The gene codes for an enzyme that is needed for the changes that apply in the advanced stages of creating a protein called collagen (the most common protein in the body of many animals, including humans). In the absence of an active copy of this gene, the collagen found in the eyeball is not formed in its normal form and the eyeball is longer than normal
A research group led by Prof. Ohad Birak from the Maurice Kahn Laboratory at the National Institute of Biotechnology at Ben-Gurion University of the Negev and the Soroka Medical Center has located the first gene involved in severe myopia - without accompanying defects in other body systems.

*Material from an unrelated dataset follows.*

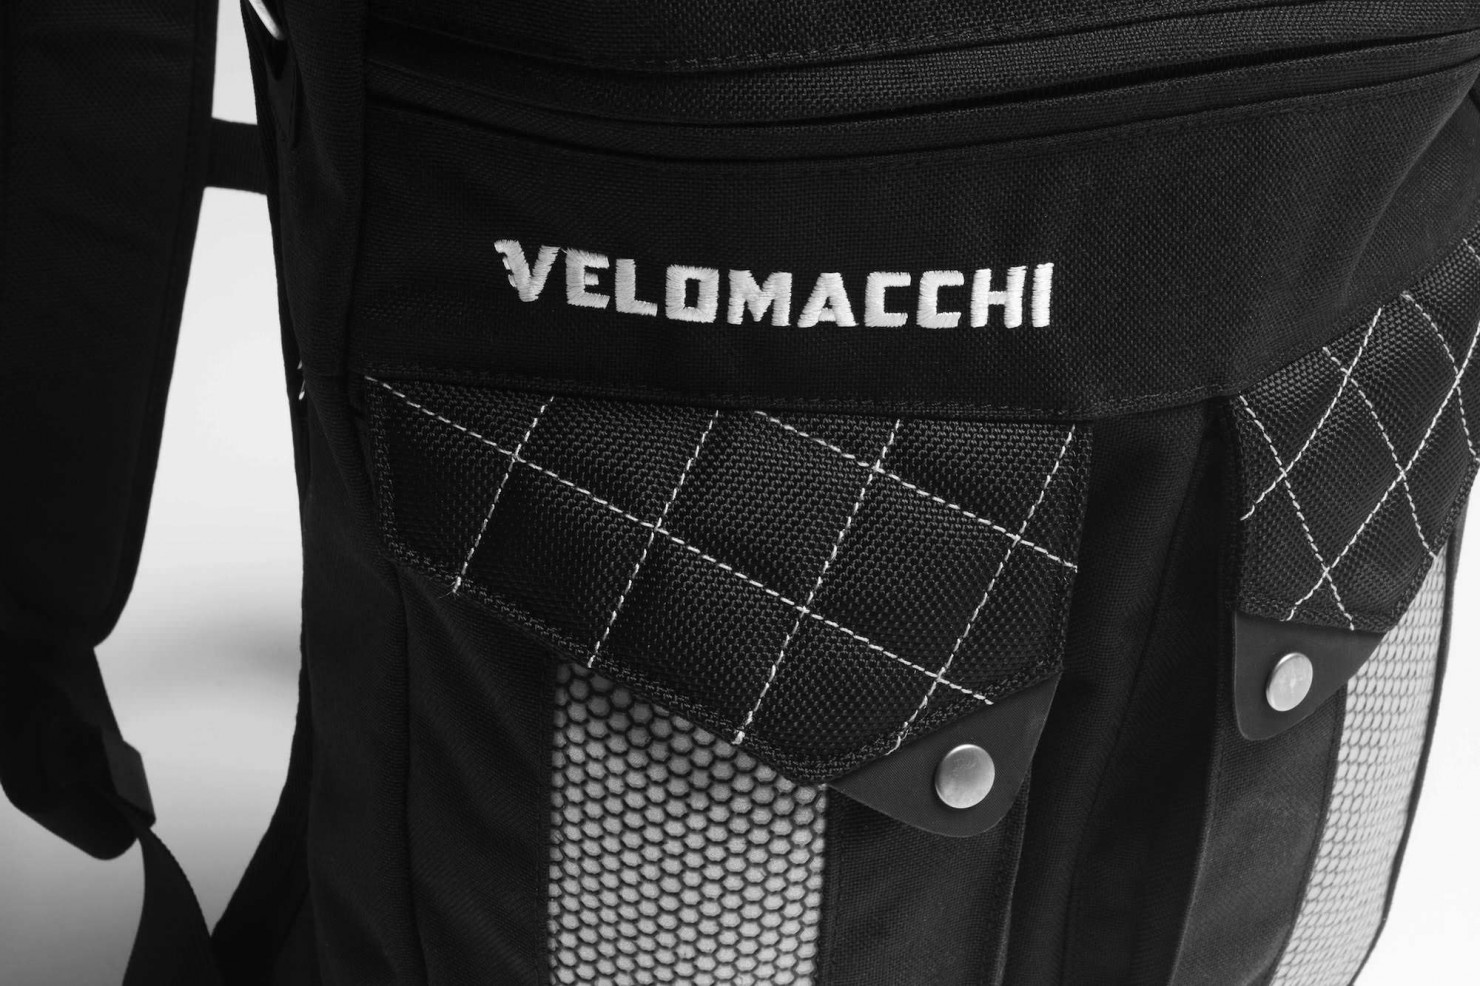 Velomacchi

Prof. Birk: "This is the LEPREL1 gene, which codes for an enzyme that is needed for the changes that occur in the advanced stages of creating a protein called collagen (the most common protein in the body of many animals, including humans). In the absence of an active copy of this gene, the collagen found in the eyeball is not formed in its normal form and the eyeball is longer than normal. As a result, the light rays are focused in the wrong place, forward to the retina, the distance vision is blurred and myopia appears." According to Prof. Birak, the defective gene was found in a tribe from the Bedouin sector in the Negev, where there is a high prevalence of severe myopia from a young age. As part of the research, the consequences of the mutation were tested in a model system of moth worm cells, and it was shown that the mutation completely prevents the function of the protein, which this gene encodes.
It should be noted that myopia is the most common eye defect in humans. Beyond the visual impairment itself, myopia causes an increased occurrence of additional problems, such as retinal detachment and early onset of cataracts and glaucoma. Myopia is a mainly hereditary trait. Despite decades of extensive research, the genes whose defect causes myopia have not yet been discovered.

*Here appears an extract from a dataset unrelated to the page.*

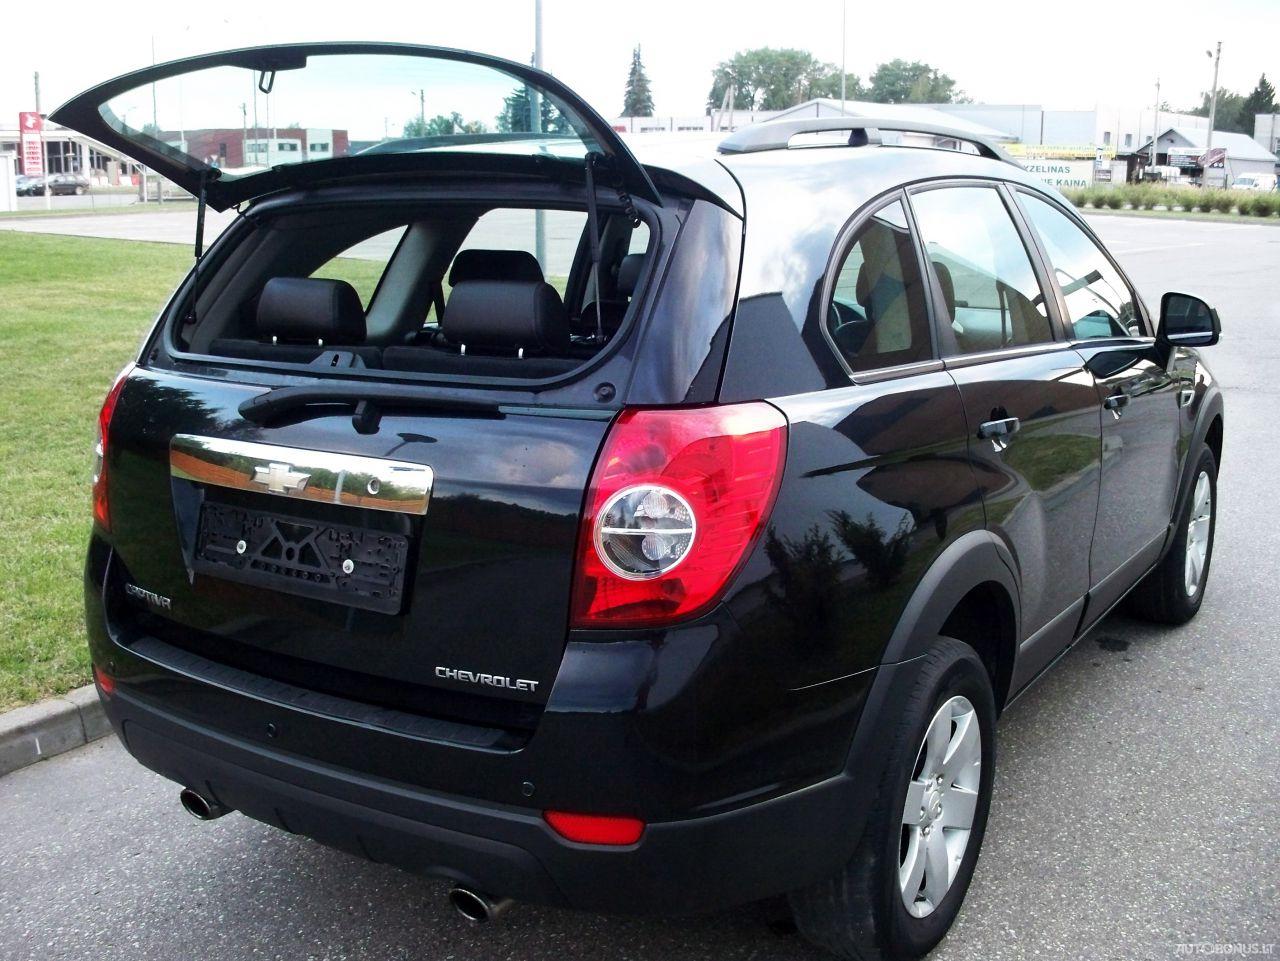 Chevrolet Captiva, Visureigis, 2011-12 | 4

Continuing research in the future may find out whether changes or defects in this gene or genes related to it cause myopia in larger populations as well. The main part of the research, funded by the Morris Kahn Foundation, was done by Shikma Mordechai and Dr. Liva Gerdstein from Prof. Ohad Birak's research group, and the findings are published this week in the prestigious American Journal of Human Genetics. Prof. Birak's research group has so far located the molecular basis of more than 15 hereditary diseases in humans, and the research findings are immediately applied to screening and prevention tests in the Arab-Bedouin and Jewish population in Israel and around the world.
One response
The rapid application of this type of research on the Bedouin population is correct, given the high incidence of consanguineous marriages among them and many children born with severe mutations. But separate logic and separate culture: regarding the ability to convince the Bedouin population to avoid consanguineous marriages, there is the following true story: nearly a decade ago, a couple of Bedouin students, a man and a woman who were cousins, studied for a master's degree in biology at Ben Gurion University. Their research project was related to the human genome. Despite being smart and educated people, they got married...
As the scorpion said to the frog, after he stung her when he was sitting on her back, when she helped him cross the river: "I can't control it... it's my nature... (or their culture, in the case of the Bedouins).